⟨

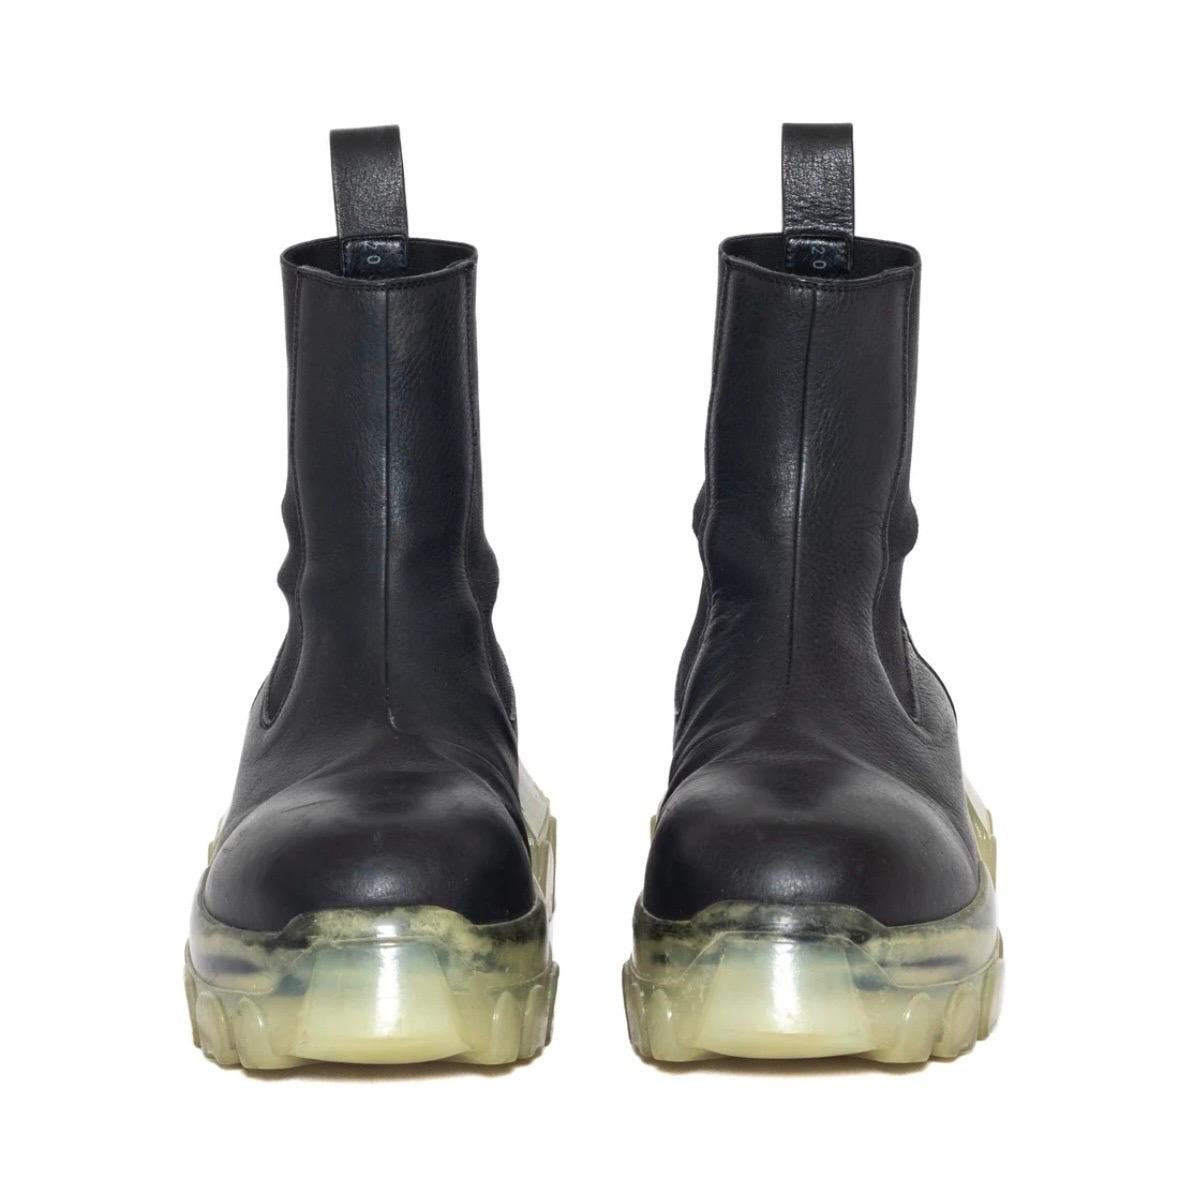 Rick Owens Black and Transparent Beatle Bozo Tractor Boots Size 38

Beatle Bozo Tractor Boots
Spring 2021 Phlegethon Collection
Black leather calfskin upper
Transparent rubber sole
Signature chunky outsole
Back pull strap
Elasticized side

⟩
⟨

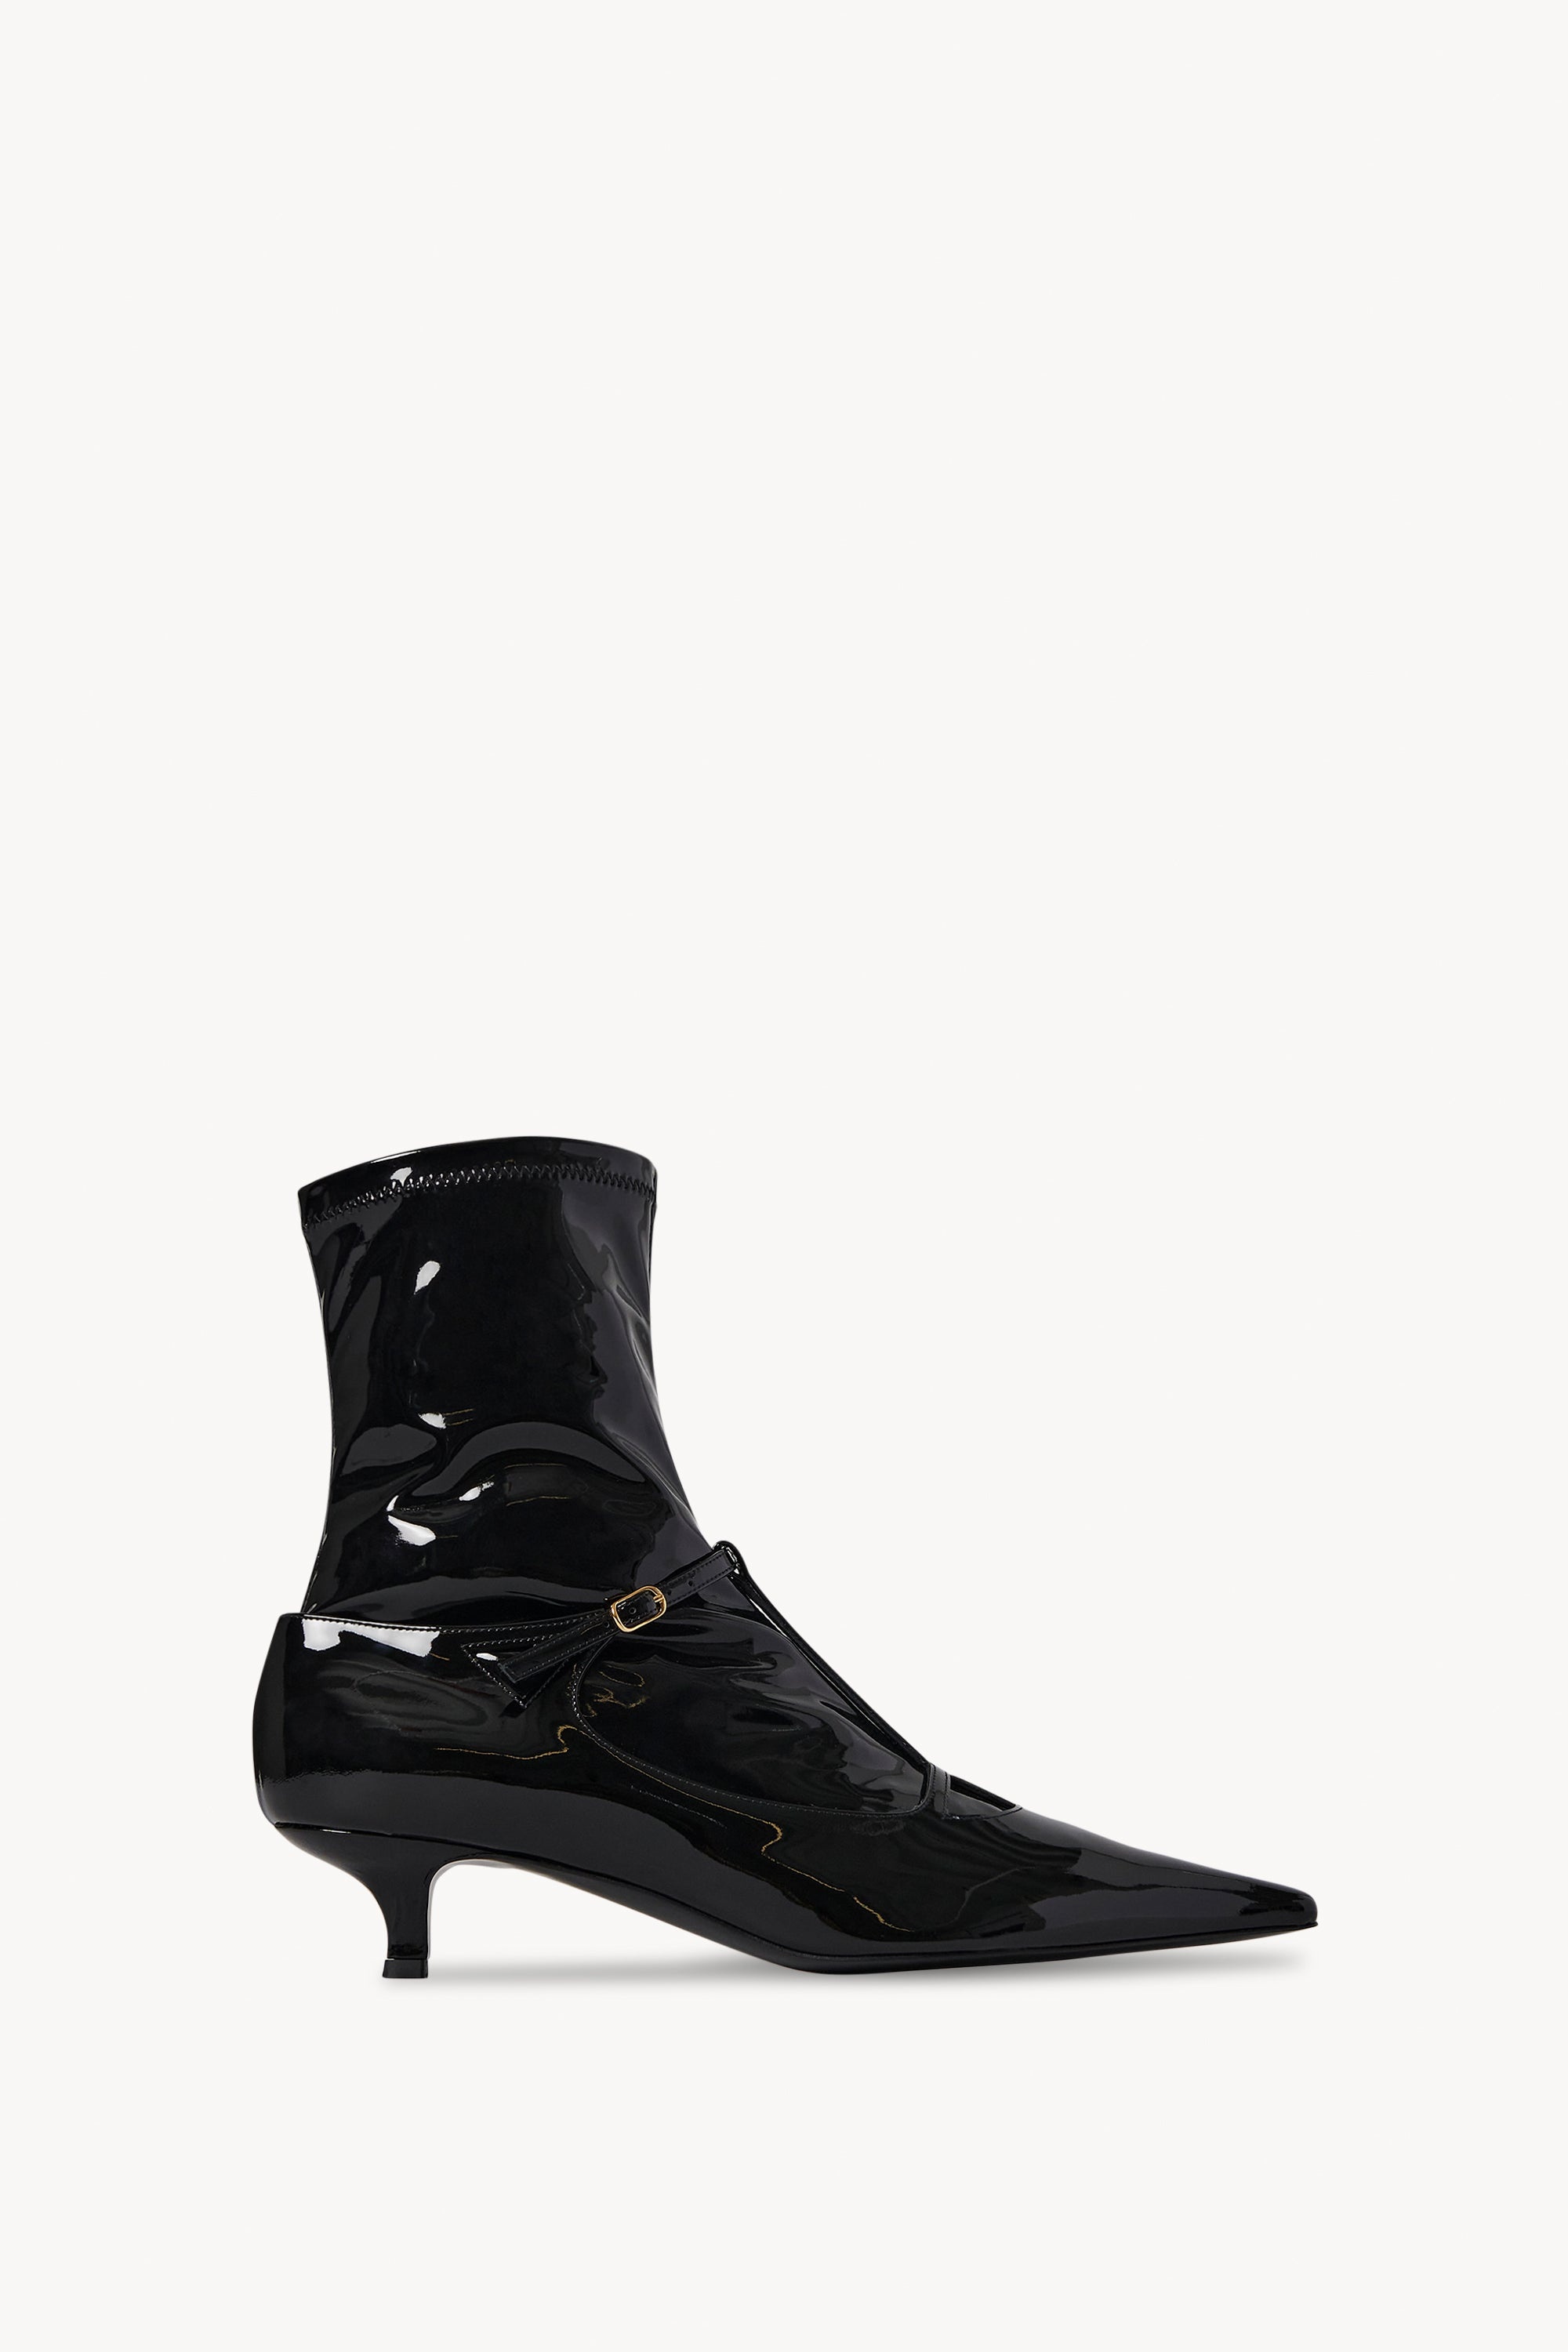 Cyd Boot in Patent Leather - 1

⟩
⟨

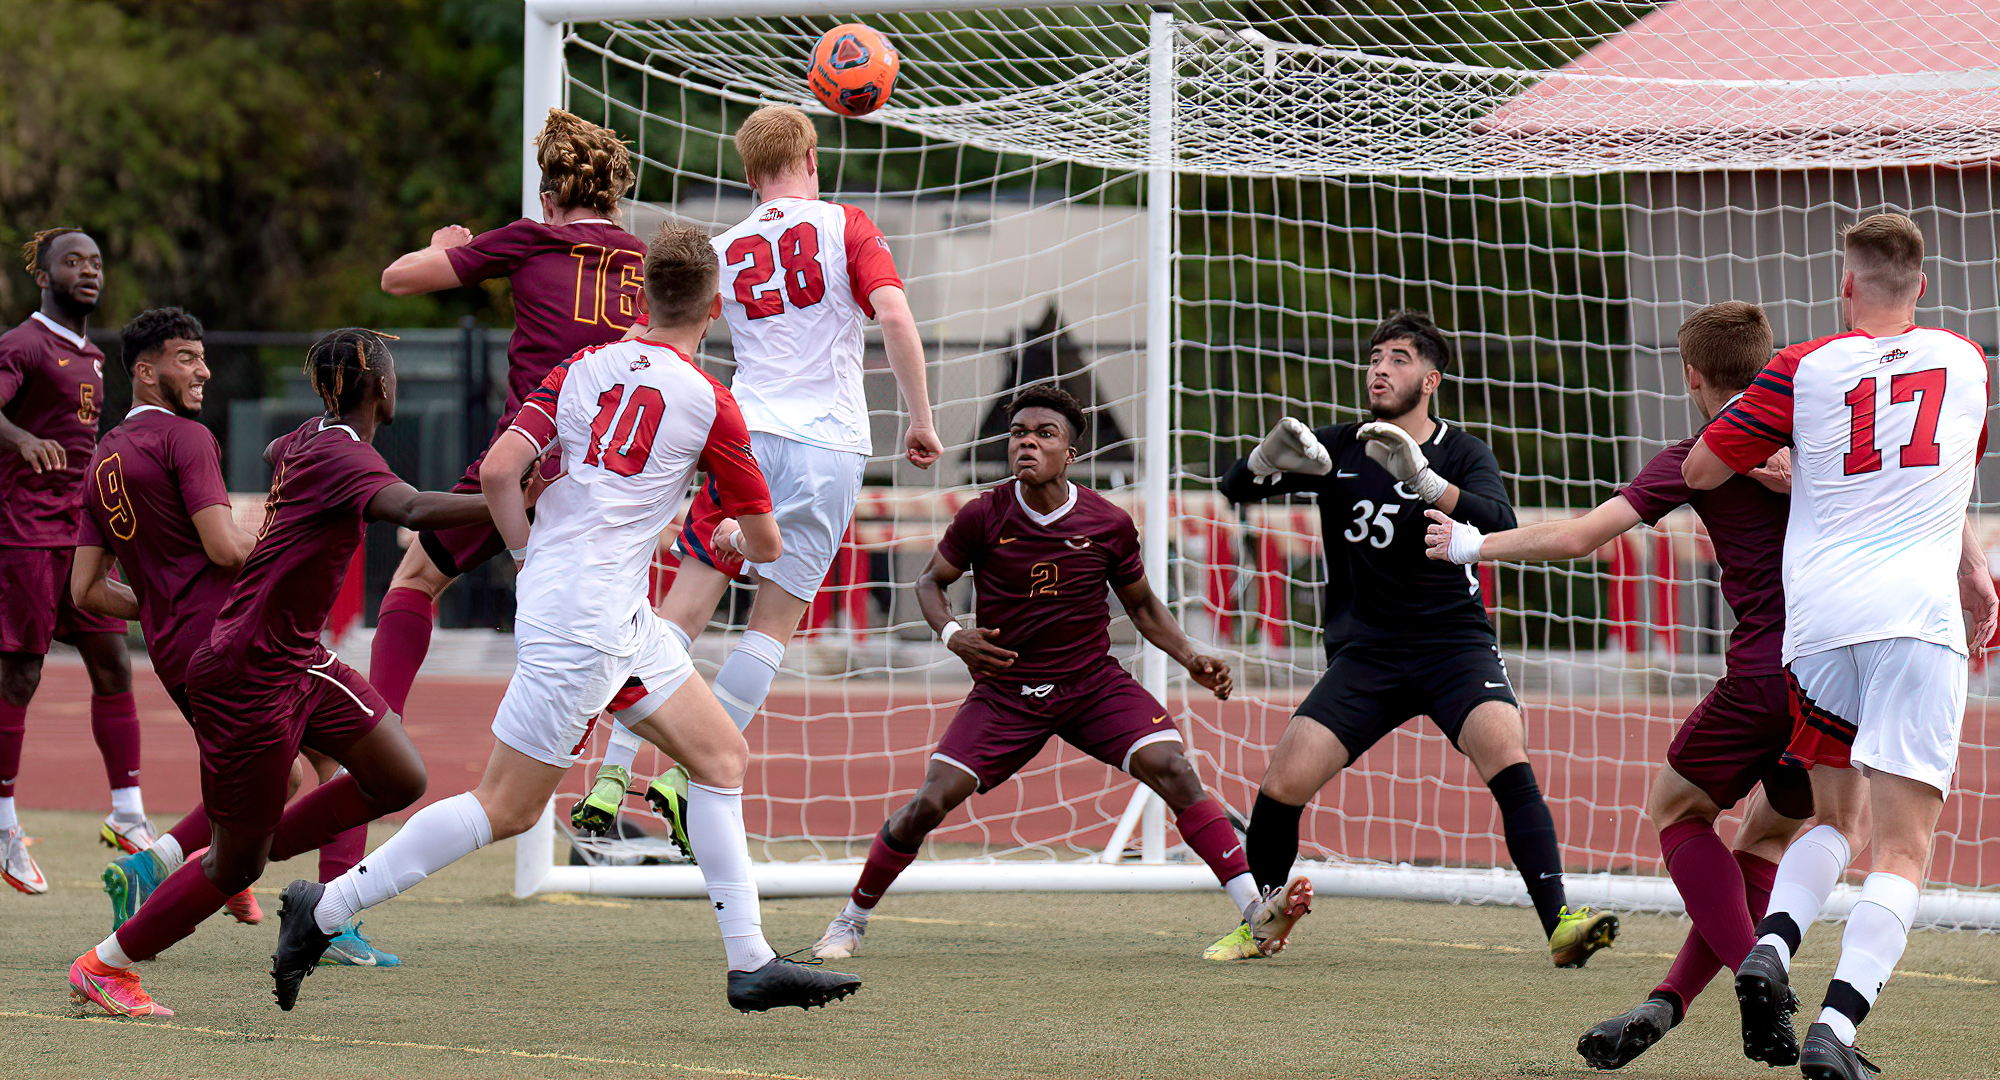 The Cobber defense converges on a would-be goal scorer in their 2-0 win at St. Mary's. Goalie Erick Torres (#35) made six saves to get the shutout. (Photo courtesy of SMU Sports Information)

⟩

## Work required
Look above for the line with "Rick Owens Black" and the line with "Elasticized side". Copy them and every line between, exactly, but no pictures.

## Output for this task
 Rick Owens Black and Transparent Beatle Bozo Tractor Boots Size 38

Beatle Bozo Tractor Boots
Spring 2021 Phlegethon Collection
Black leather calfskin upper
Transparent rubber sole
Signature chunky outsole
Back pull strap
Elasticized side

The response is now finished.